_EXERCISE DESCRIPTION_. The result should be the listing below, restated exactly, with its pictures left out.

_PROVIDED MATERIAL_.
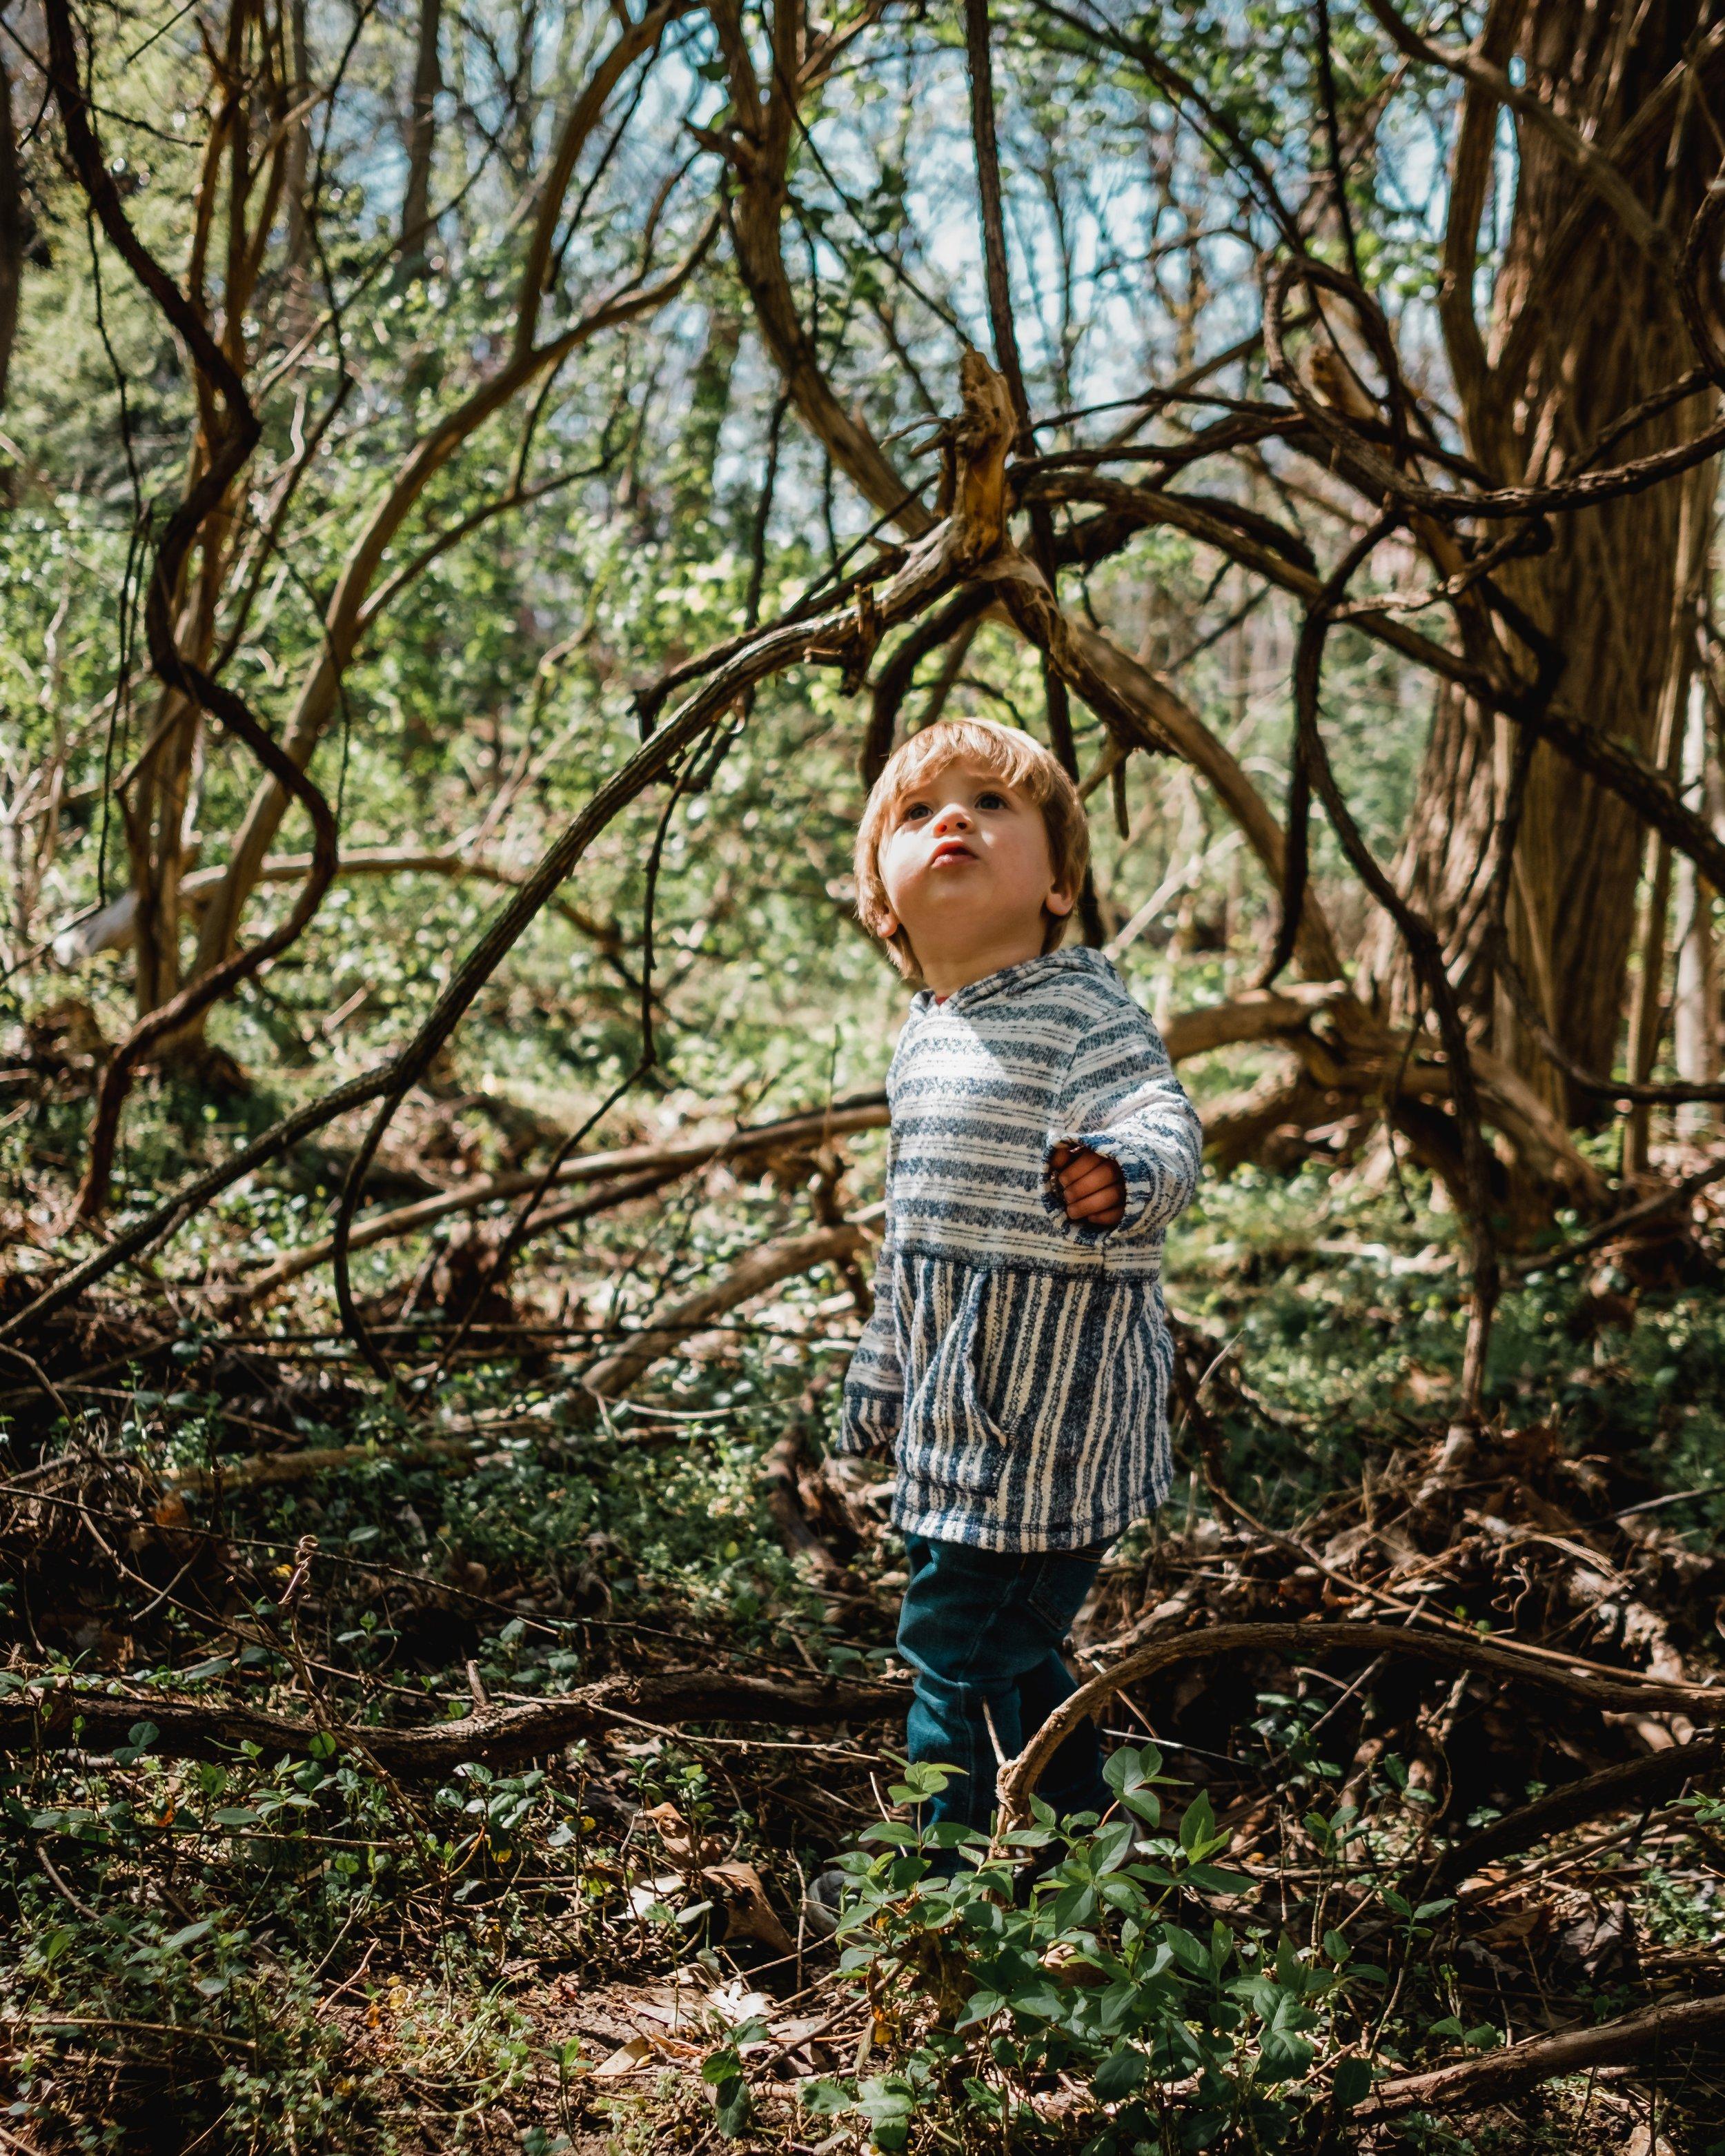 boy in woods.jpg
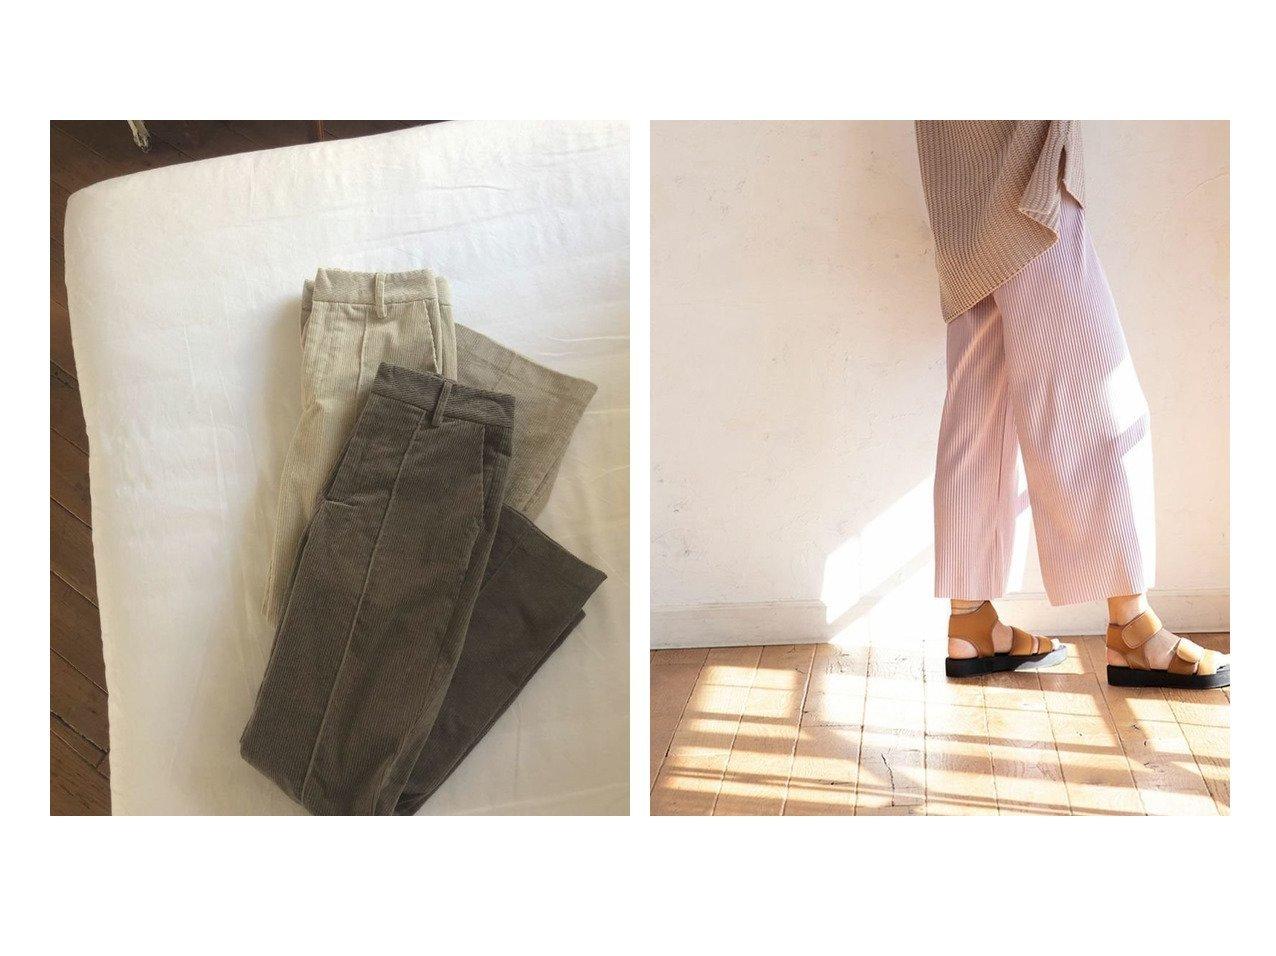 【marjour/マージュール】のストレッチコーデュロイパンツ STRETCH CORDED PANTS&リラックスコーデュロイパンツ RELAX CORDUROY PANTS マージュールのおすすめ!人気、トレンド・レディースファッションの通販 おすすめで人気の流行・トレンド、ファッションの通販商品 メンズファッション・キッズファッション・インテリア・家具・レディースファッション・服の通販 founy(ファニー) https://founy.com/ ファッション Fashion レディースファッション WOMEN パンツ Pants コーデュロイ サンダル ストレッチ センター フィット フレア ルーズ ワイド 冬 Winter 春 Spring |ID:crp329100000021540
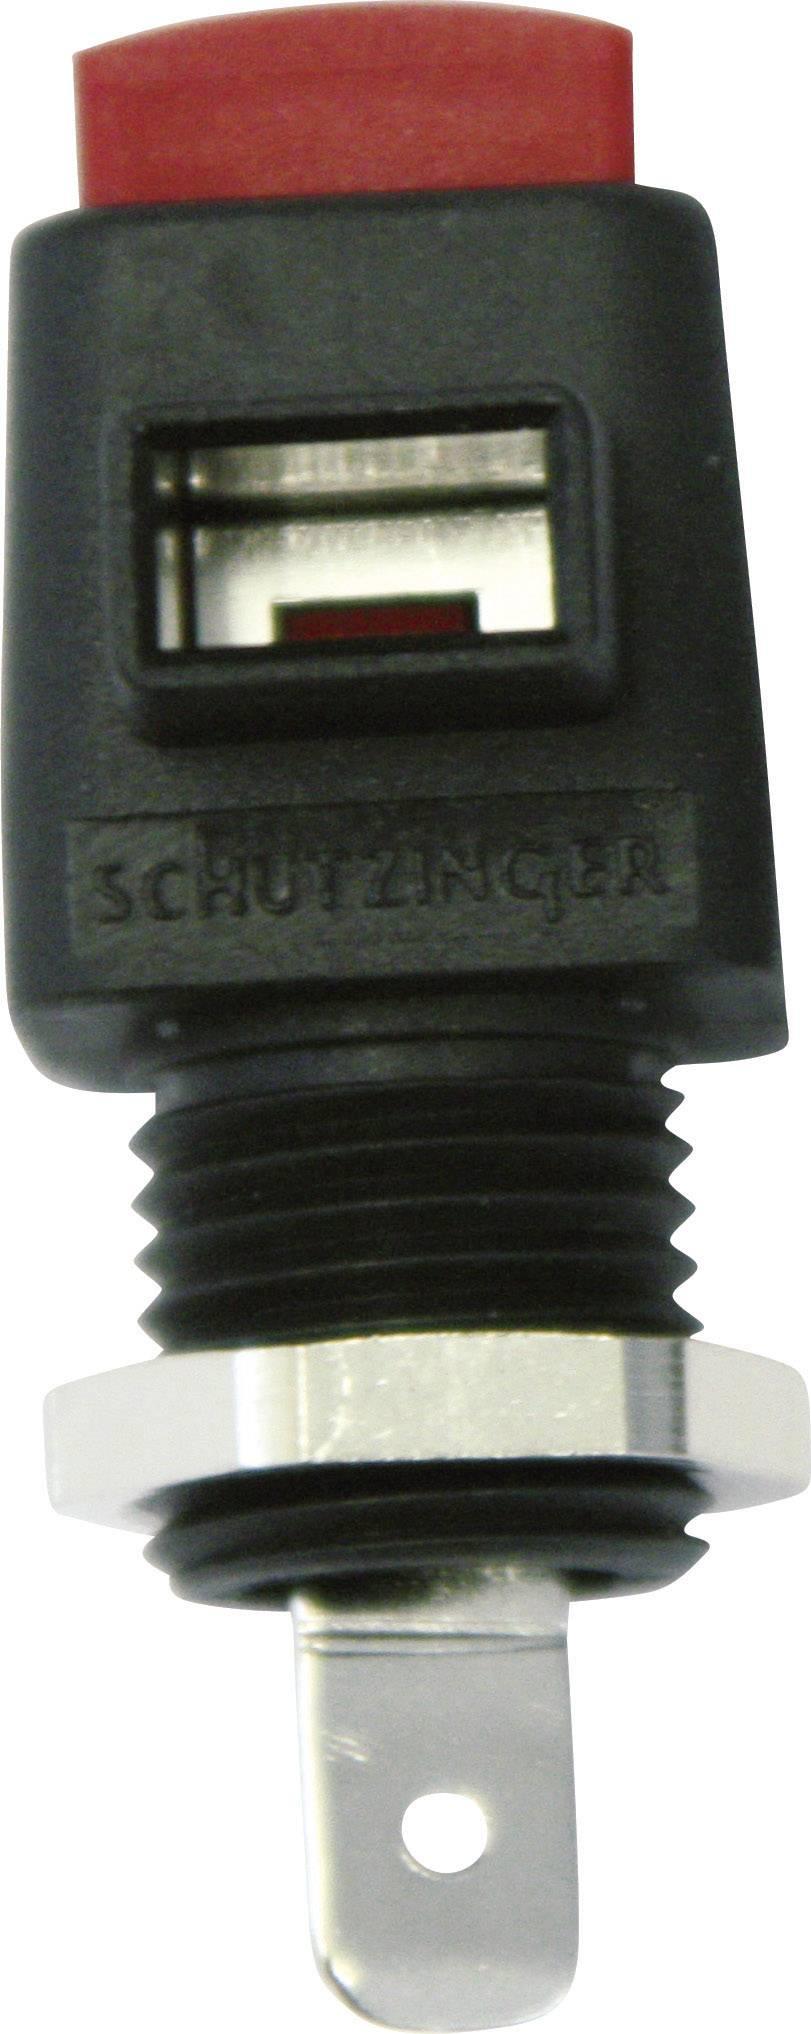 Rychloupínací svorka Schützinger 16 A, zelená, žlutá, 1 ks

_SOLUTION TO THE PROBLEM_.
 boy in woods.jpg
 【marjour/マージュール】のストレッチコーデュロイパンツ STRETCH CORDED PANTS&リラックスコーデュロイパンツ RELAX CORDUROY PANTS マージュールのおすすめ!人気、トレンド・レディースファッションの通販 おすすめで人気の流行・トレンド、ファッションの通販商品 メンズファッション・キッズファッション・インテリア・家具・レディースファッション・服の通販 founy(ファニー) https://founy.com/ ファッション Fashion レディースファッション WOMEN パンツ Pants コーデュロイ サンダル ストレッチ センター フィット フレア ルーズ ワイド 冬 Winter 春 Spring |ID:crp329100000021540
 Rychloupínací svorka Schützinger 16 A, zelená, žlutá, 1 ks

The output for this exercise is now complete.